BEGIN

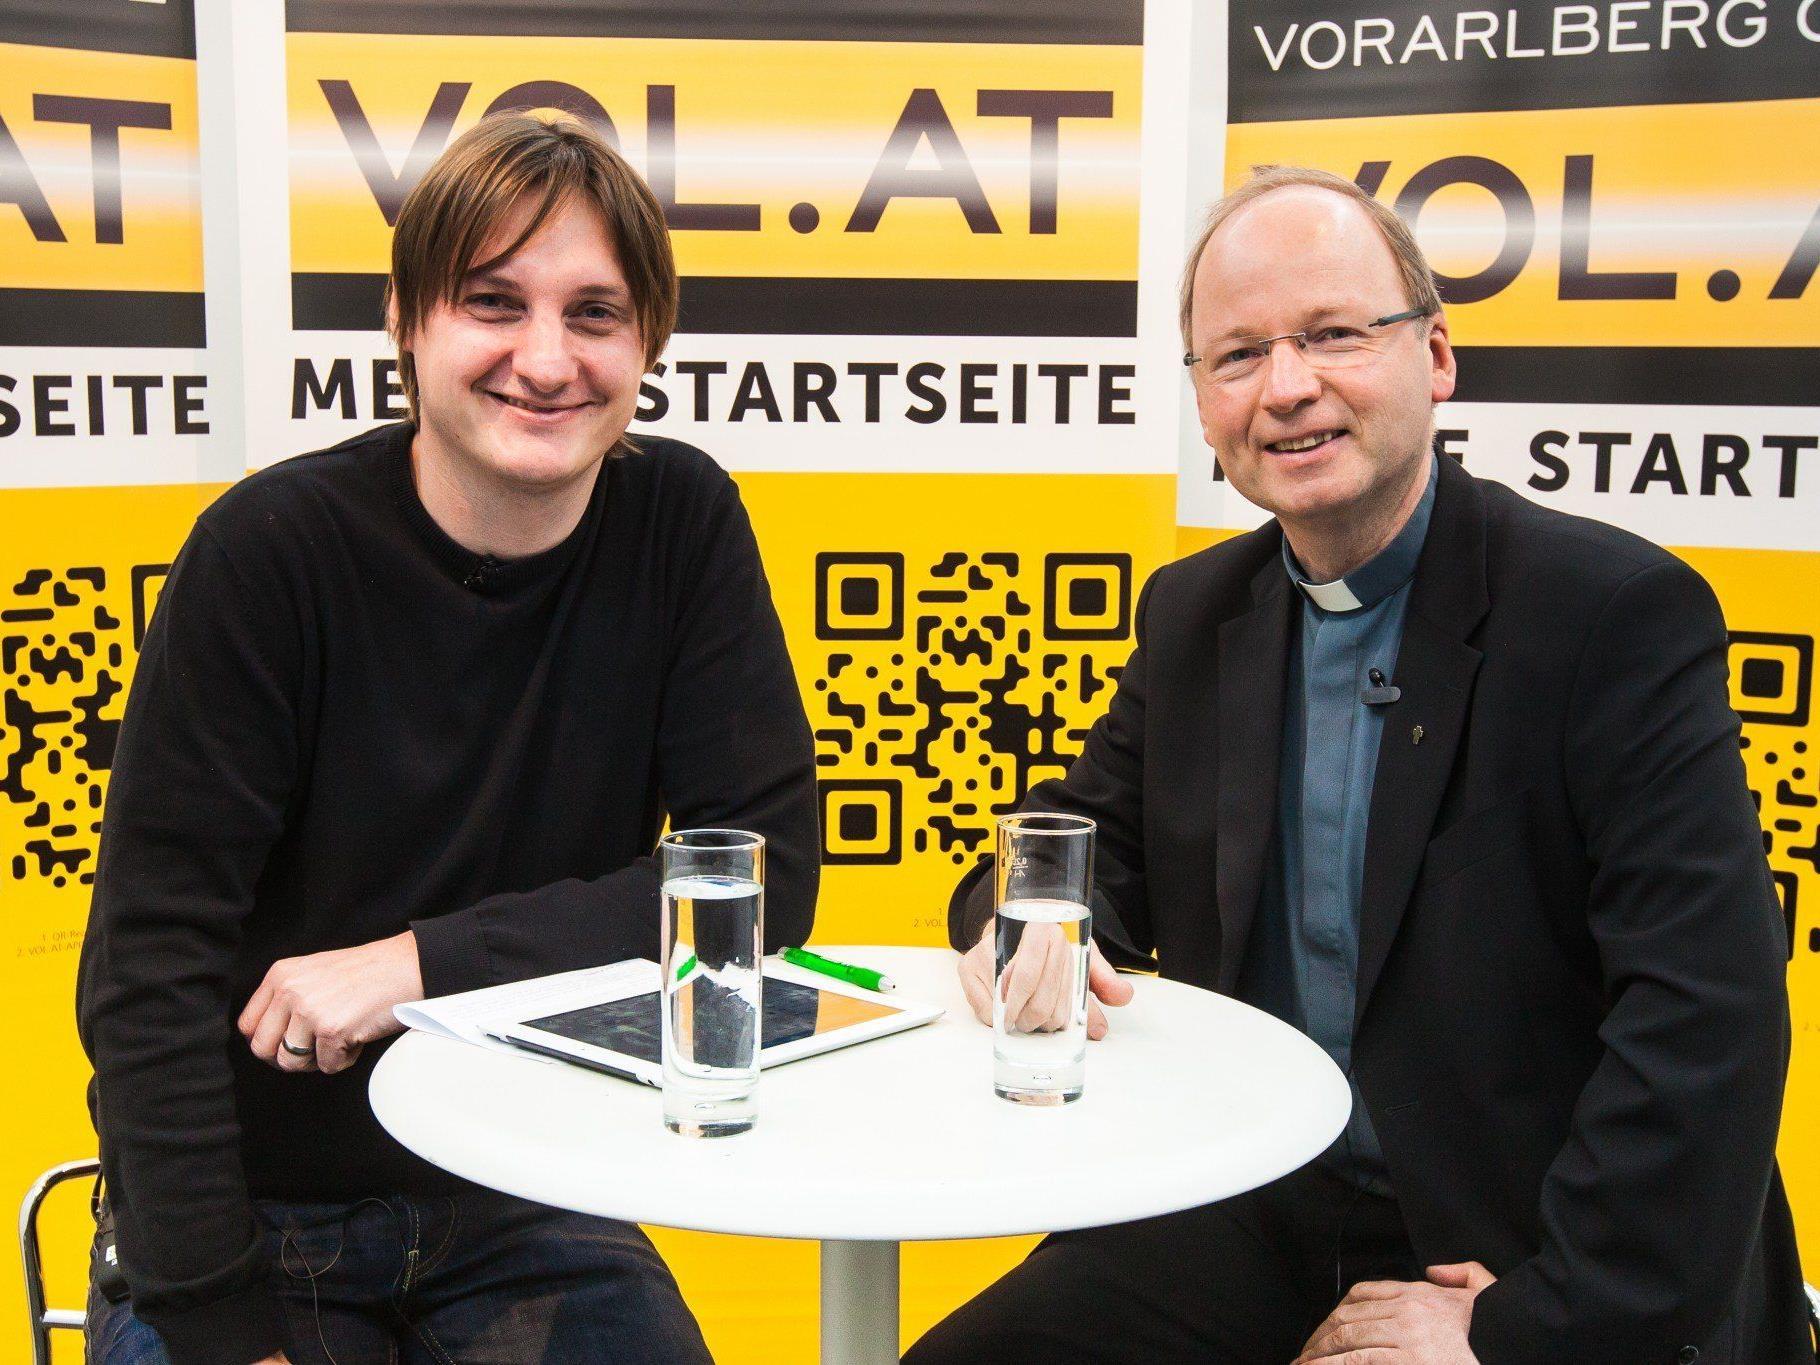 VOL.AT-CR Marc Springer mit Benno Elbs, Administrator der Diözese Feldkirch (v.l.)
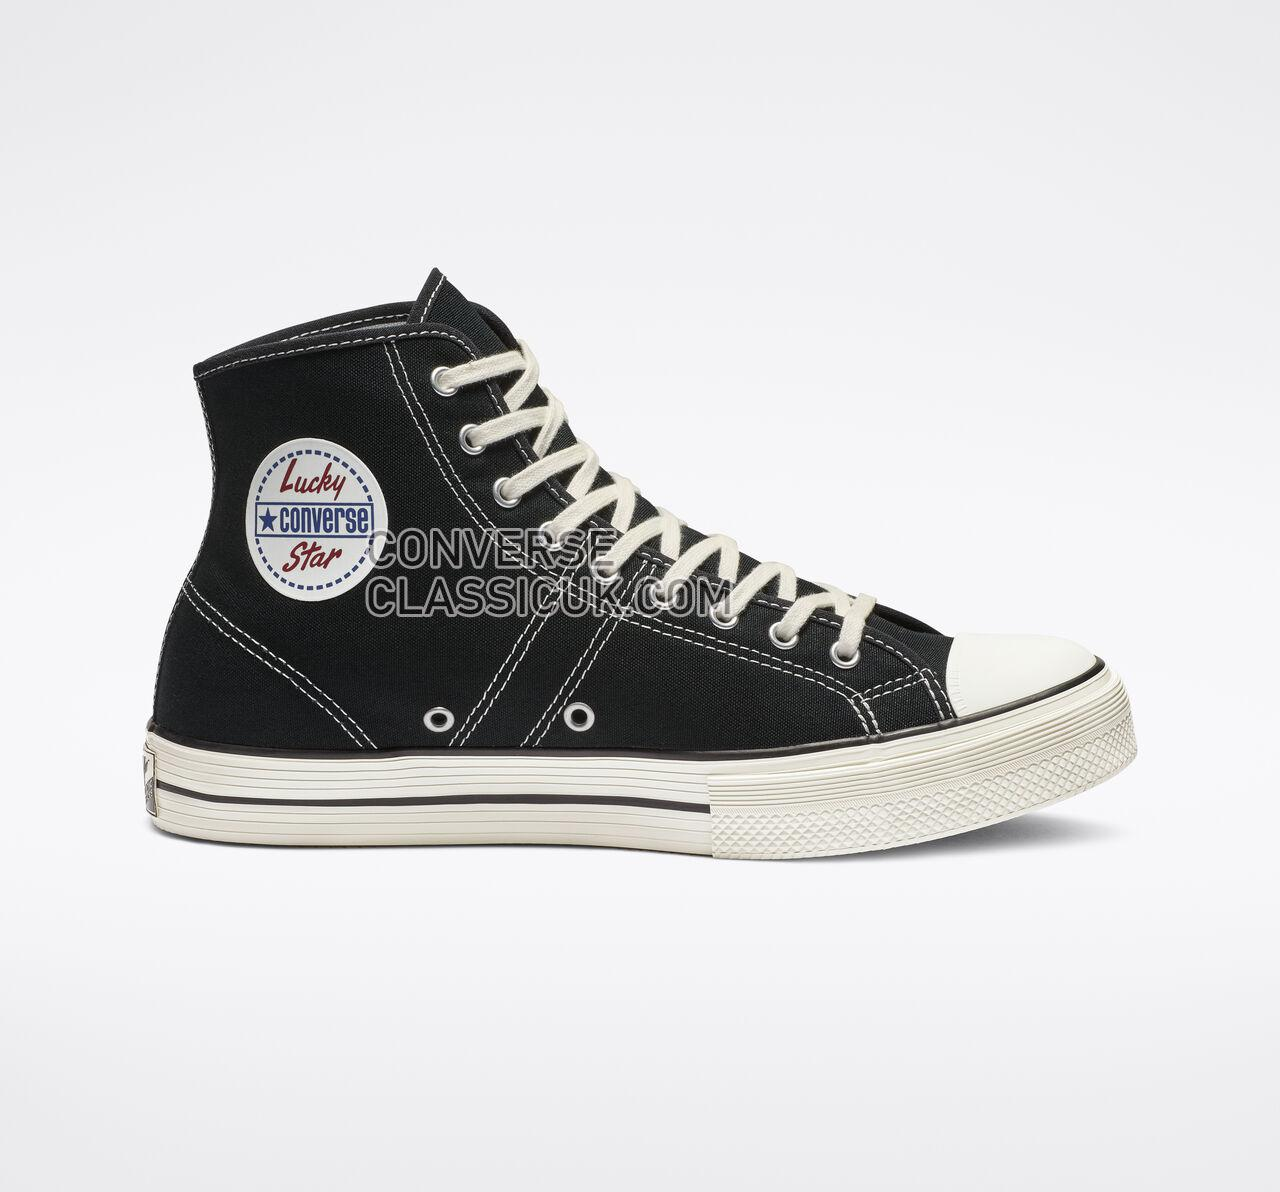 Converse Lucky Star High Top Mens Womens Unisex 163321C Black/Egret/Egret Shoes
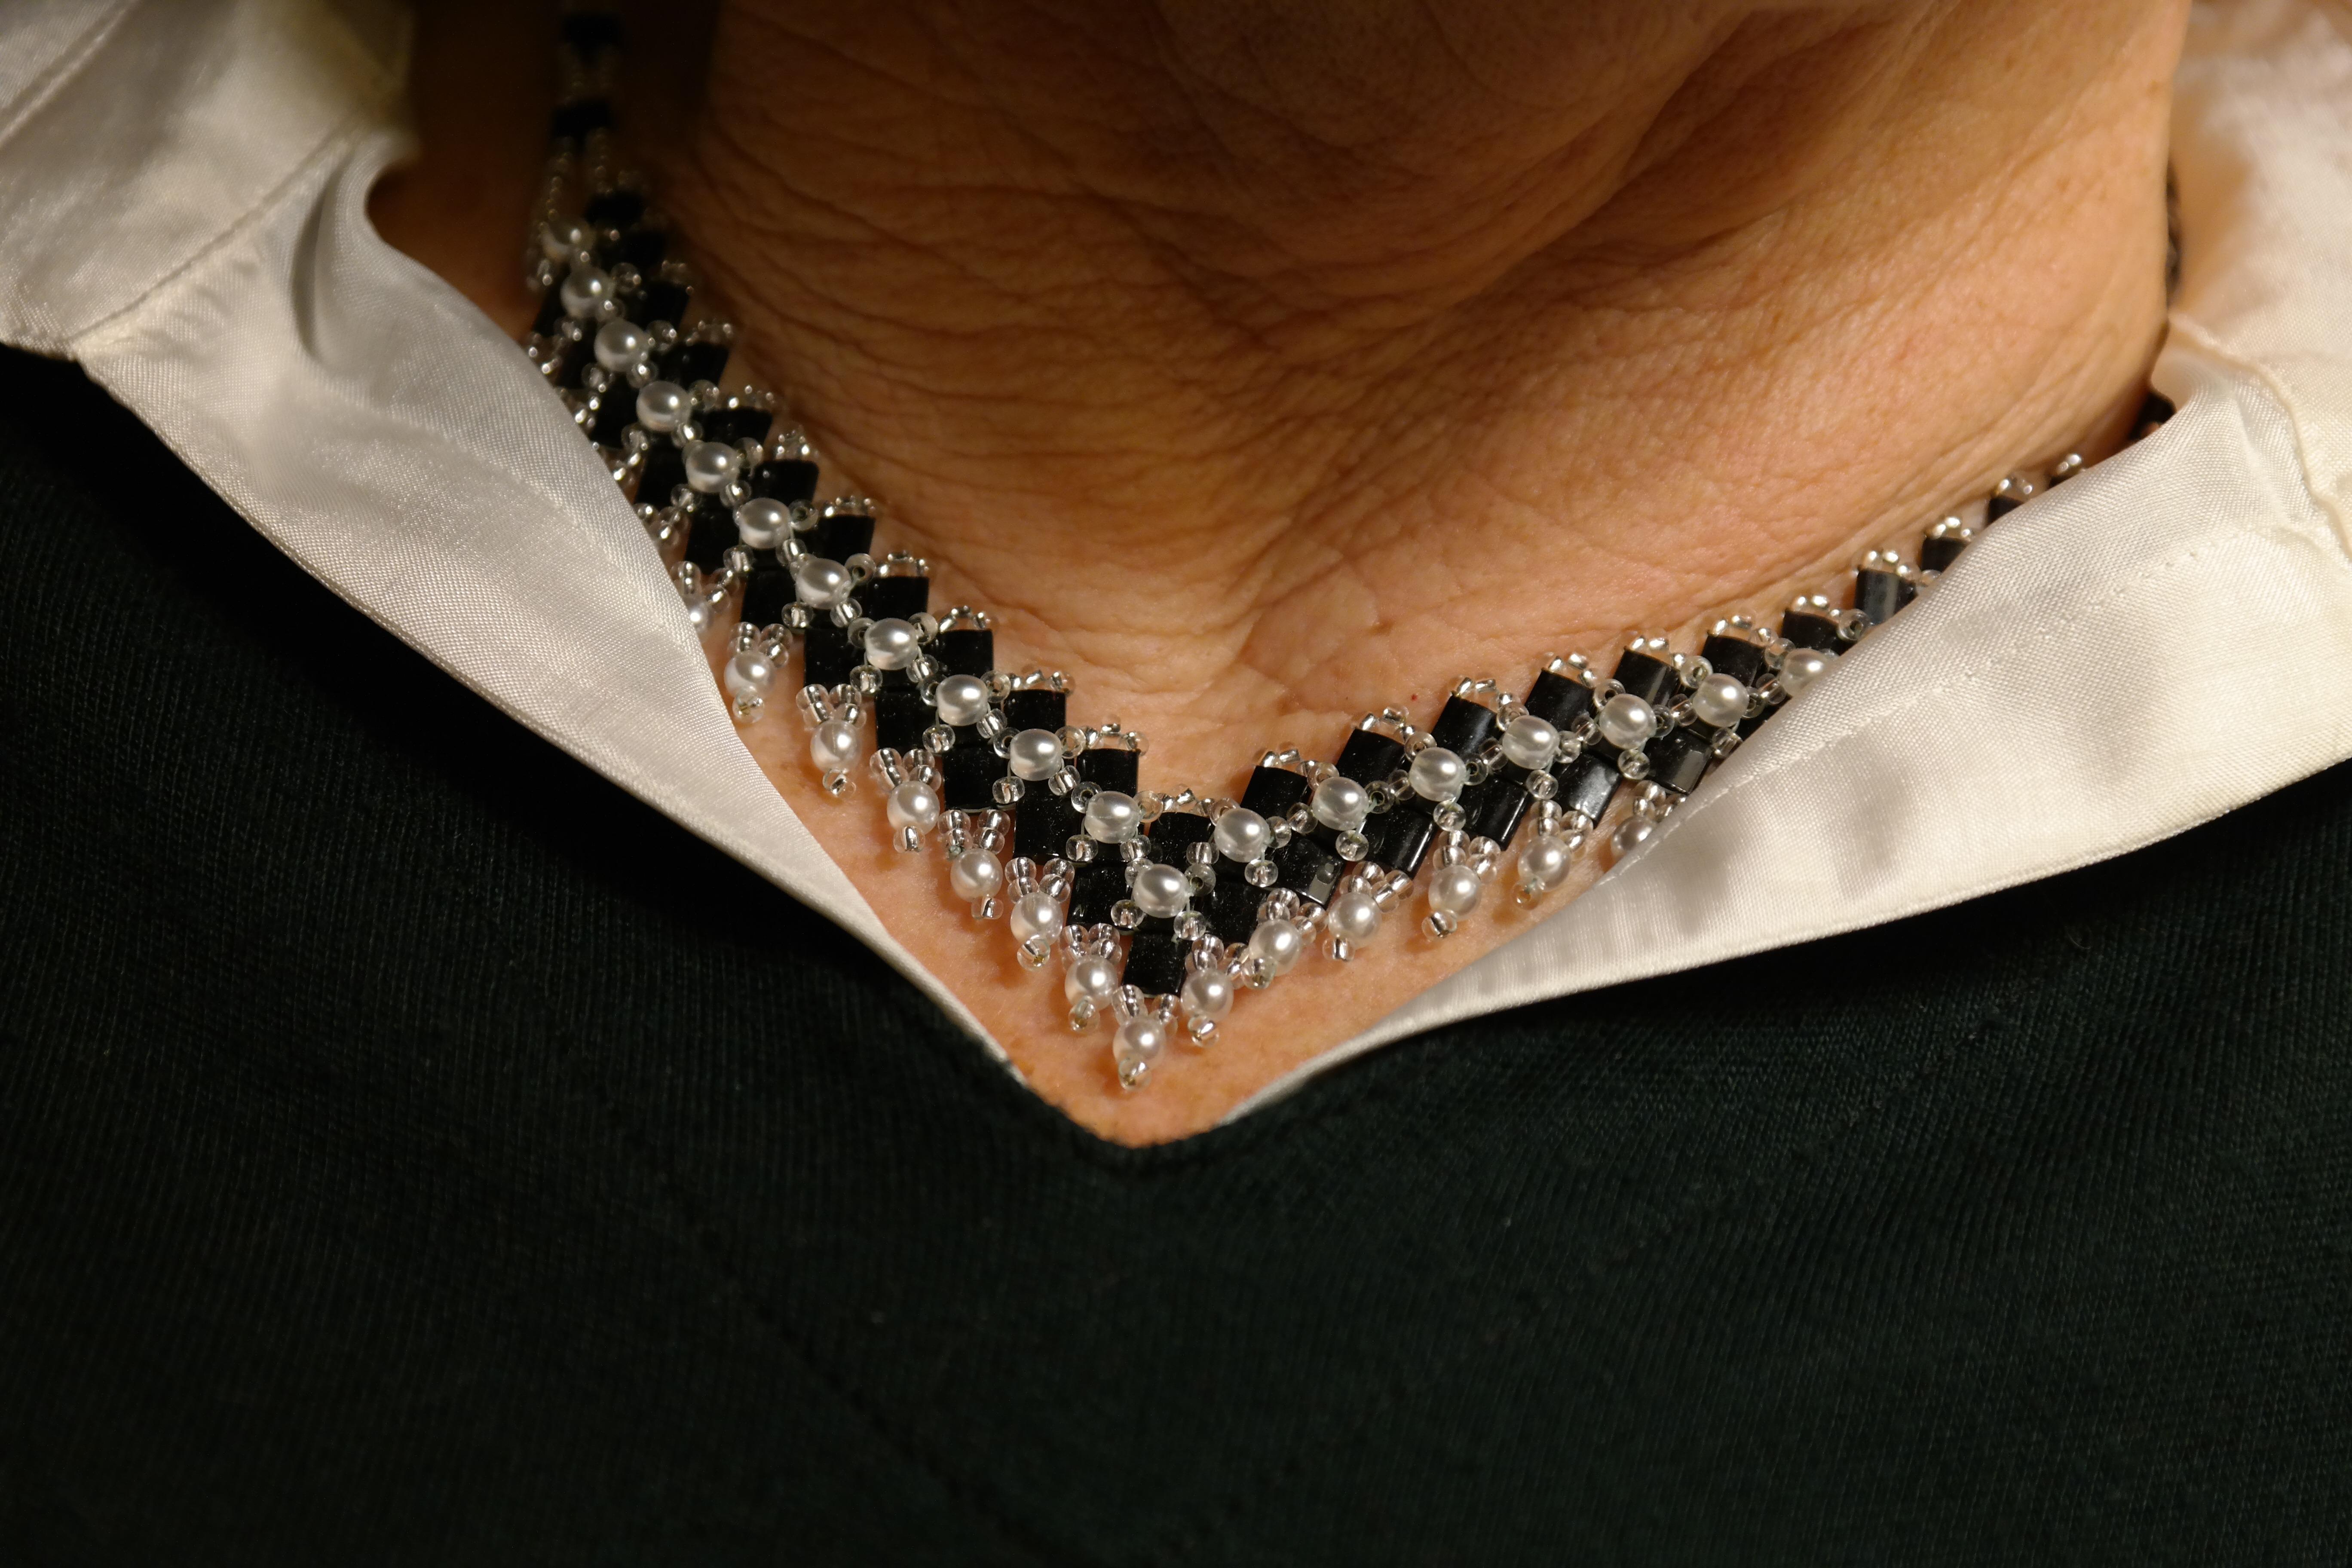 3ab56089185d mano mujer cadena ropa negro material collar pulsera joyería textil cuello  blusa Accesorio de moda Public Domain. Al igual que Pxhere en Facebook

END

» **Work instruction**: All lines from the one that contains "Converse Lucky Star" through the last line of the data should be retyped exactly, with the pictures left out.

» **Response below**:
 Converse Lucky Star High Top Mens Womens Unisex 163321C Black/Egret/Egret Shoes
 3ab56089185d mano mujer cadena ropa negro material collar pulsera joyería textil cuello  blusa Accesorio de moda Public Domain. Al igual que Pxhere en Facebook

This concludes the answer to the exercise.